### RAW DATA
/---

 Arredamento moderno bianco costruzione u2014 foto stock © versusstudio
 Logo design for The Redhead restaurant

\---
/---

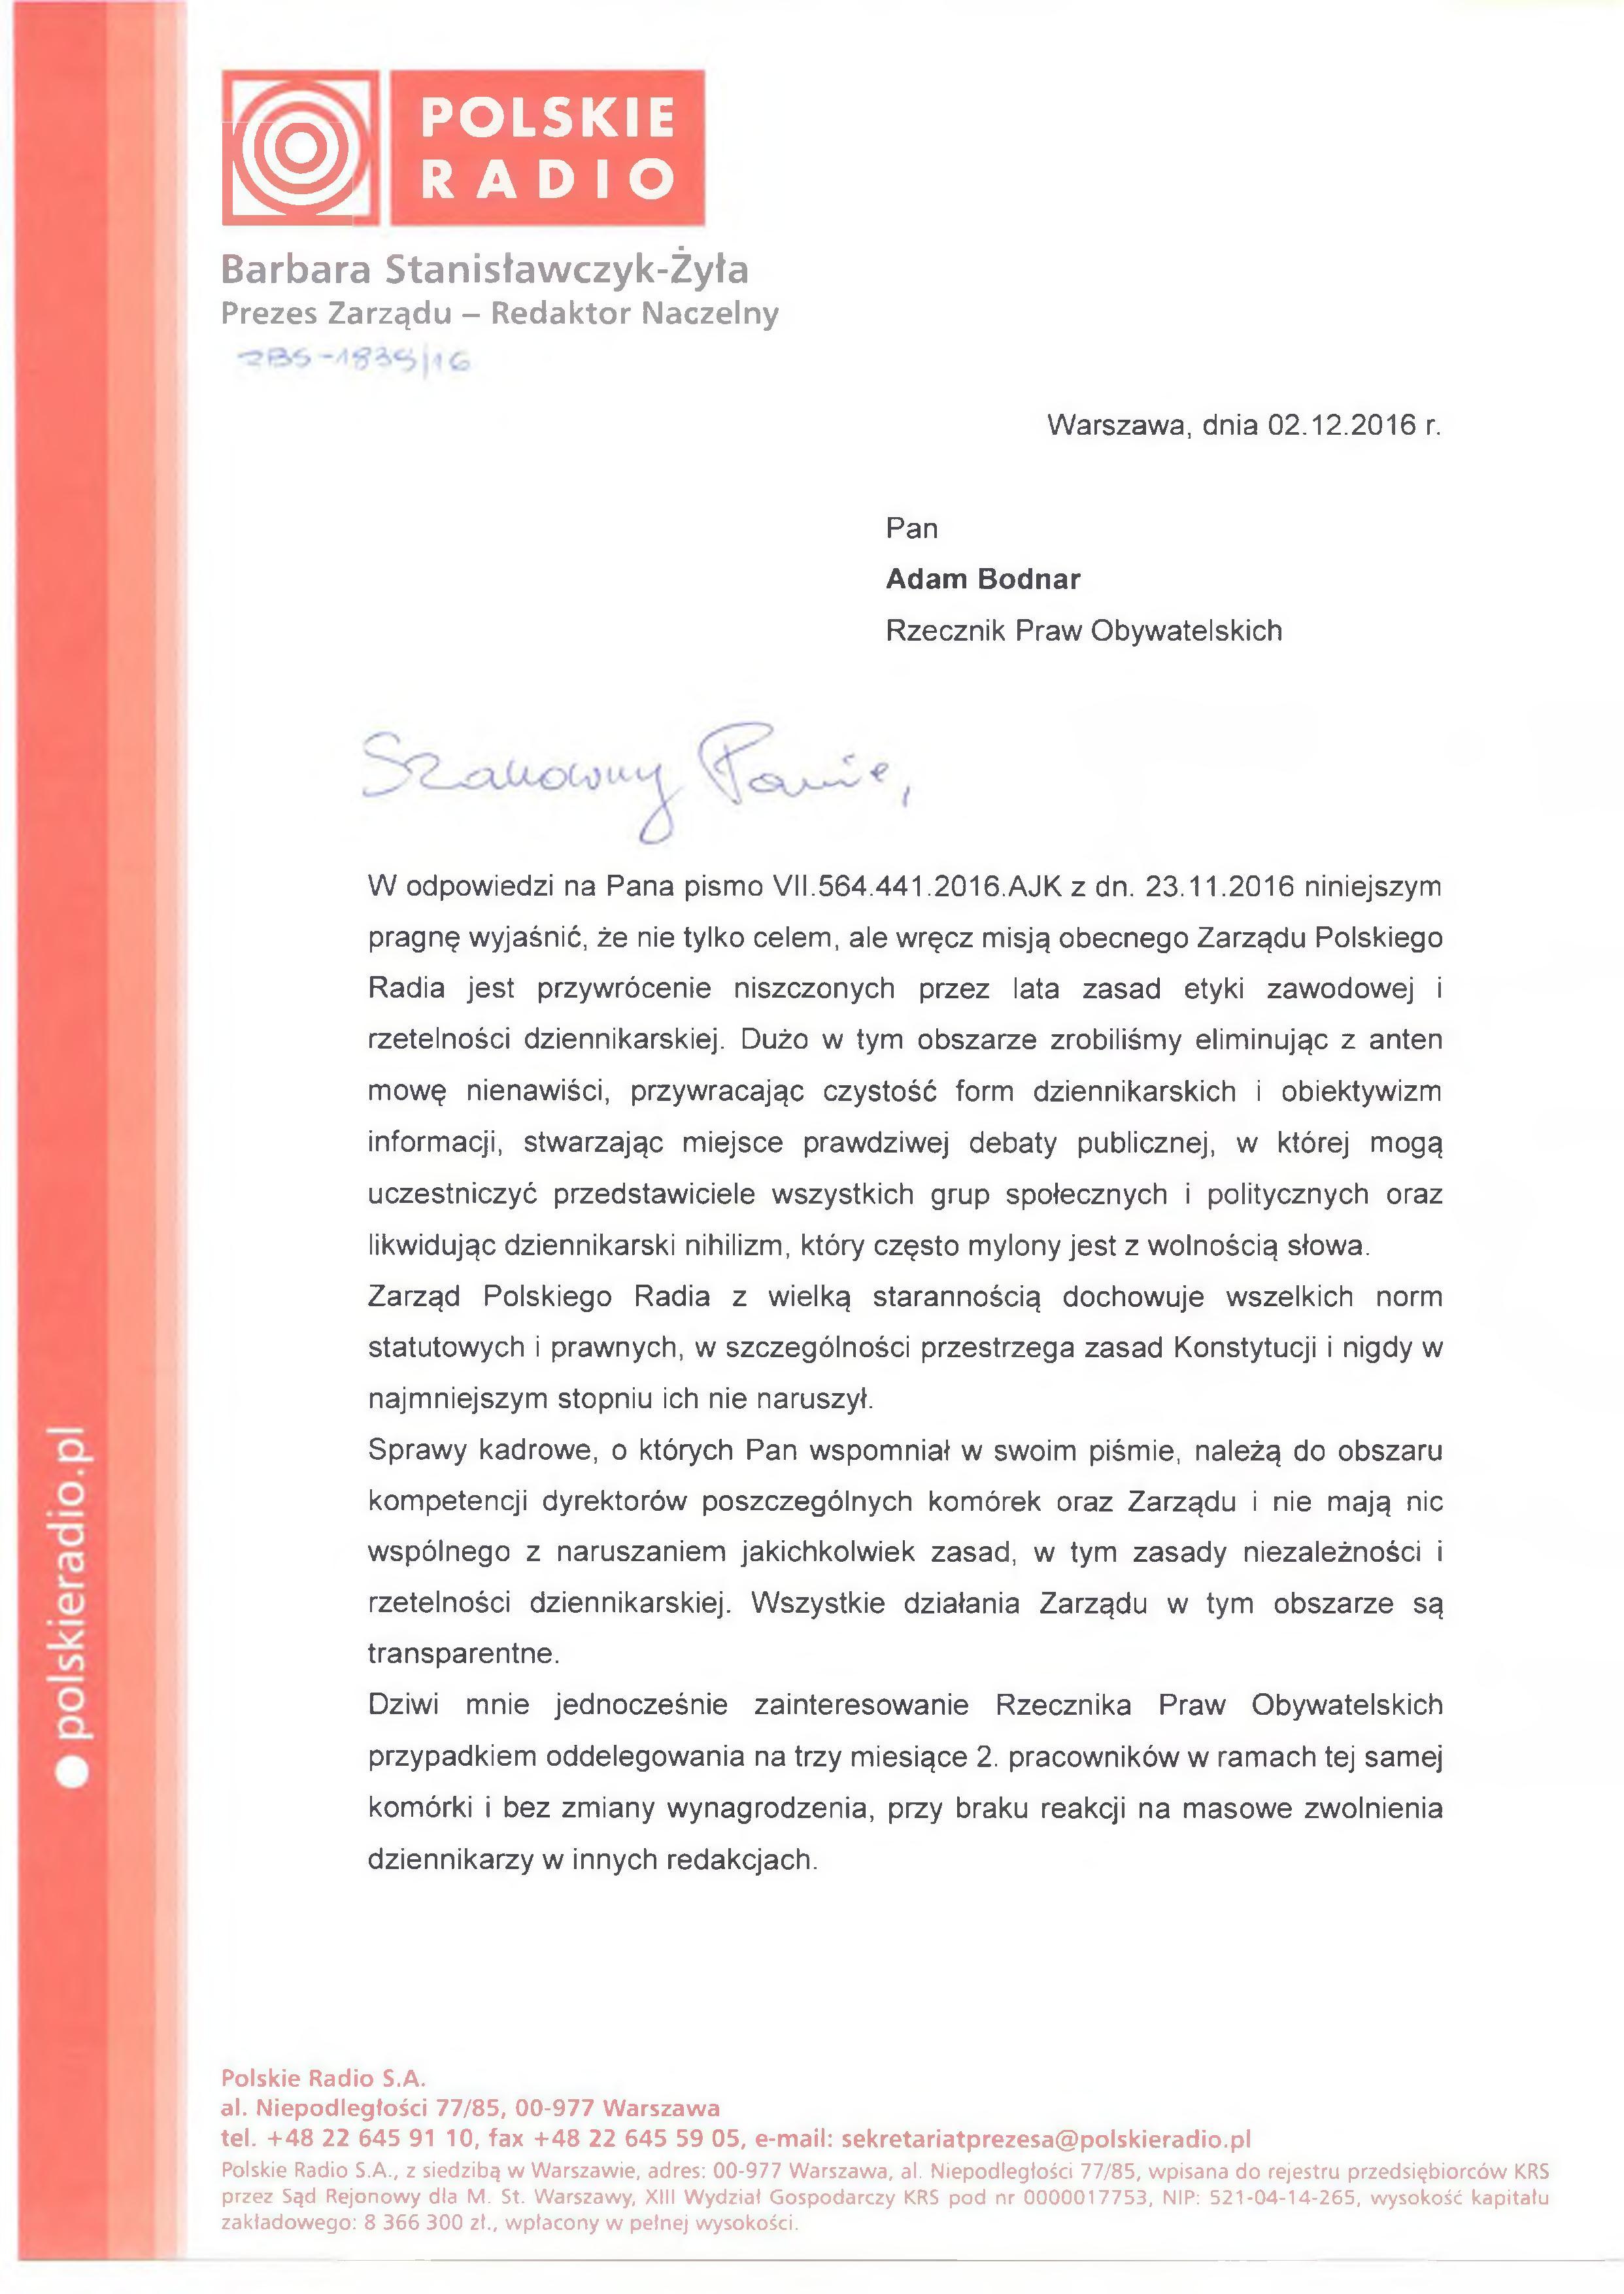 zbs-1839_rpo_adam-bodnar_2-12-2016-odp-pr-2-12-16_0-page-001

\---

### THE TASK
Using the data above, repeat exactly the lines that begin at the line with "Arredamento moderno bianco" and end at the line with "Logo design for The Redhead restaurant", both ends included.

### RESPONSE AREA
 Arredamento moderno bianco costruzione u2014 foto stock © versusstudio
 Logo design for The Redhead restaurant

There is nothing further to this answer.